Task goal:
Your answer should be every line of the entries that has the string "Mini" in it.

Task inputs:
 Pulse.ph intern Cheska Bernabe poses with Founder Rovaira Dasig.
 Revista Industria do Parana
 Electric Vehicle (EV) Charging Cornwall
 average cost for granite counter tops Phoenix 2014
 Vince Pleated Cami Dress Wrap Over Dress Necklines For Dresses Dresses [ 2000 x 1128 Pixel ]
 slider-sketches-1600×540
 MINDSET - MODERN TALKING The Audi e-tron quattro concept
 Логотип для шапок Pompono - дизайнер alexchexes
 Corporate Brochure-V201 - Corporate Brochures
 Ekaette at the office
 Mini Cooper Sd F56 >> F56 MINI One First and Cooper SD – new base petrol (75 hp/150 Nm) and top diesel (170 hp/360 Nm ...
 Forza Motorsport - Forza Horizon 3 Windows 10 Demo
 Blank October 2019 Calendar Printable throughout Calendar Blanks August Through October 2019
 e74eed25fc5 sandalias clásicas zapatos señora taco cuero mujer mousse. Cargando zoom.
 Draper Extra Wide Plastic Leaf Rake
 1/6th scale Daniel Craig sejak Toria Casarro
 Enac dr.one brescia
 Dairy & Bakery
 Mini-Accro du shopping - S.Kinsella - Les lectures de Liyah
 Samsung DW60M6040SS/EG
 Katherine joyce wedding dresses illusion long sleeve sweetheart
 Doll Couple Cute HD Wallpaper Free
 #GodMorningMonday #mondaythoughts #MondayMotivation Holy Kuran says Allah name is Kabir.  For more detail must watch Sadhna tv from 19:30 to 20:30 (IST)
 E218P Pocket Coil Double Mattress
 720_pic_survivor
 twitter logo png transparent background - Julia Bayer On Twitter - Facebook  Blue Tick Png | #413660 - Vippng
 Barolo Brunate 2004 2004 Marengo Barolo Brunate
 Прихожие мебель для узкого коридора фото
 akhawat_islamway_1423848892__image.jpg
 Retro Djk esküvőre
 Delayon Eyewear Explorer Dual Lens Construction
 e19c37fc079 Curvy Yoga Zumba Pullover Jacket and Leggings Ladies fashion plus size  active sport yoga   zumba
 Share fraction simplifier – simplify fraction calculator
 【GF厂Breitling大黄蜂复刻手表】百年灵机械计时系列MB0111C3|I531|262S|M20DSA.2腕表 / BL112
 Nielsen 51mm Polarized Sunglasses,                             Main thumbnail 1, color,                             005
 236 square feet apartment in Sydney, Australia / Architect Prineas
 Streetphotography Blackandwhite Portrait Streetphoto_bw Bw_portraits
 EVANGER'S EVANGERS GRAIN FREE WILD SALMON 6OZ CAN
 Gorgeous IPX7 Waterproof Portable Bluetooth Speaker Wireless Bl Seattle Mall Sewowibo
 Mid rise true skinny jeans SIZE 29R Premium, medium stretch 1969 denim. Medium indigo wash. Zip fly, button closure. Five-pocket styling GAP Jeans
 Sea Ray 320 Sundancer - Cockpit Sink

Task answer:
 Mini Cooper Sd F56 >> F56 MINI One First and Cooper SD – new base petrol (75 hp/150 Nm) and top diesel (170 hp/360 Nm ...
 Mini-Accro du shopping - S.Kinsella - Les lectures de Liyah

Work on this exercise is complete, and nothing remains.